New Glarus Brewing Company - Spotted Cow

Our second beer from Wisconsin, and we were beginning to wonder if there was something in the water in this Midwest state. Described as a farmhouse ale, Spotted Cow is another mild beer at 4.8%. There was very little in the way of aroma and the color was pale yellow. Mouthfeel was thin and there wasn't much flavor. Kind of reminded me of one of the Imbev or Miller/Coors beers. No discernible hops presence and little in the way of maltiness either. Comments: "Would be a golf cart beer - when you want to shoot a good score; After shoveling, maybe a 'knock back' beer; Not objectionable, but why bother?: Incidentally, their web site suggests paining this beer with, anomg other things, brats and Limburger sandwiches.

New Glarus Brewing Company - Moon Man No Coast Pale Ale
After a couple of disappointing Wisconsin brews we approached this one with some trepidation. Hated to see  the Badger State go 0 for 3. Gotta' like the name "No Coast Pale Ale." The pour was encouraging with an unfiltered cloudiness that gave the pale color some character. The aroma gave us more hope as we detected the presence of hops which we had missed in the last two. The flavor was that of a decent pale ale with a faint hoppy bitterness. The overall impressions fell right between "can't get enough" and "OK." Comments: I'll tell you what, I could drink that; Wisconsin's best effort so far."

We did have three other beers which we choose not to rate officially for no other reason than we decided to just do seven. These all were unanimously well received. We agreed that they were all in the "can't get enough" category. 

Sierra Nevada's Harvest Wet Hop Ale

Three Heads Brewing - The Kind India Pale Ale

Brown's Brewing Company
India Pale Ale

All in all another day of good food, good friends, good music, and of course, good beer.

How Beer Saved the World

You might want to check out this fun bit of fluff from the Discovery Channel.

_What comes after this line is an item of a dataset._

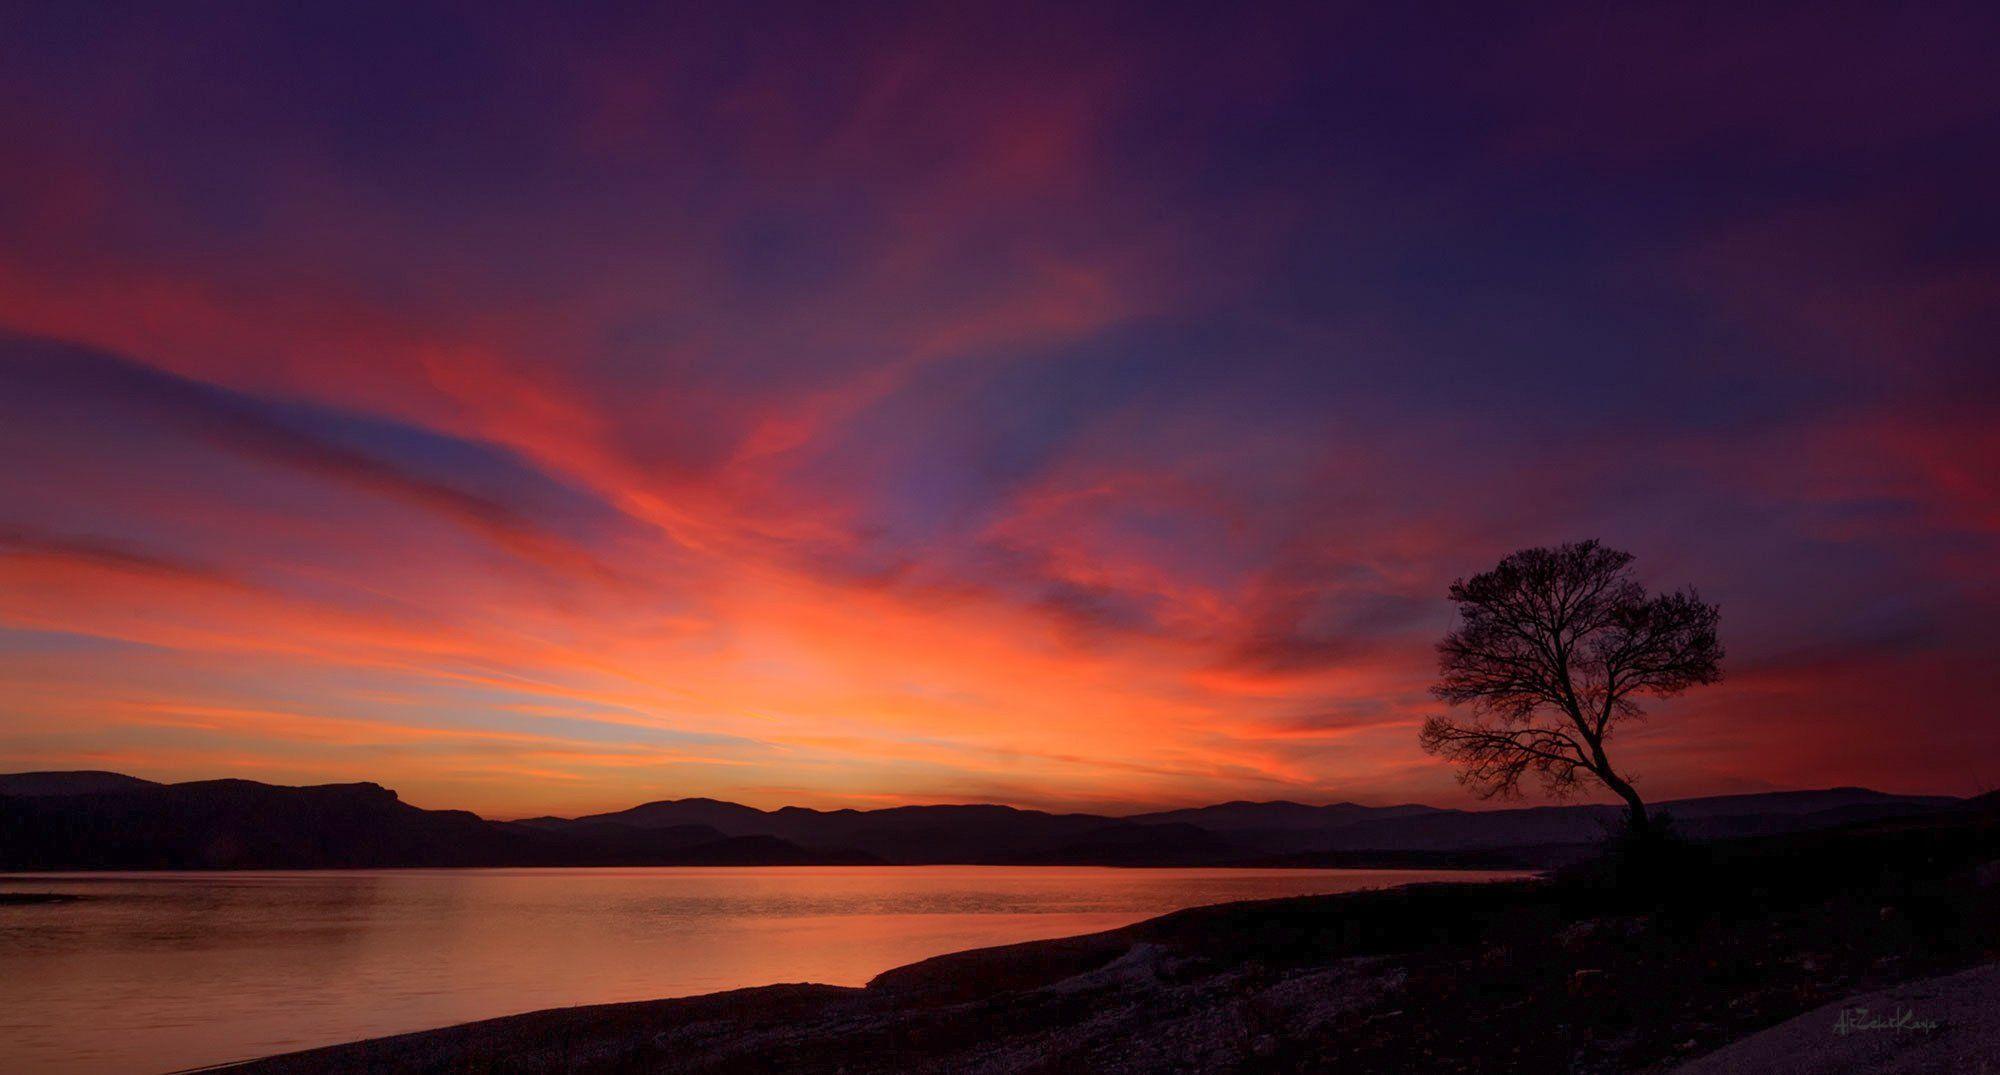 sunset ankara turkey landscape canon tree alone, Ali Zeki Kaya

It tells the story of beer and it's many virtues in a light-hearted hour, mixing somewhat silly animation with over-the-top narration and a fair amount of history. It's an interesting show, however I would have liked to have seen a similar thing done with a little less frivolity. It sort of undercuts the interesting bits of trivia and history of brewing. The little animated bits are just goofy and not particularly funny unless you're a five-year-old. It's almost like the producers said, "Well, it's beer after all, so let's not be too serious here." 
Also be prepared; it's underwritten by Miller/Coors so about 90% of the beer labels you see are either Miller or Coors. It's like we're in some bizarro universe where Budweiser doesn't exist. However, there is also no mention of craft brews either and the death of the small breweries with the rise of the mega-breweries. Nonetheless it makes for a diverting hour.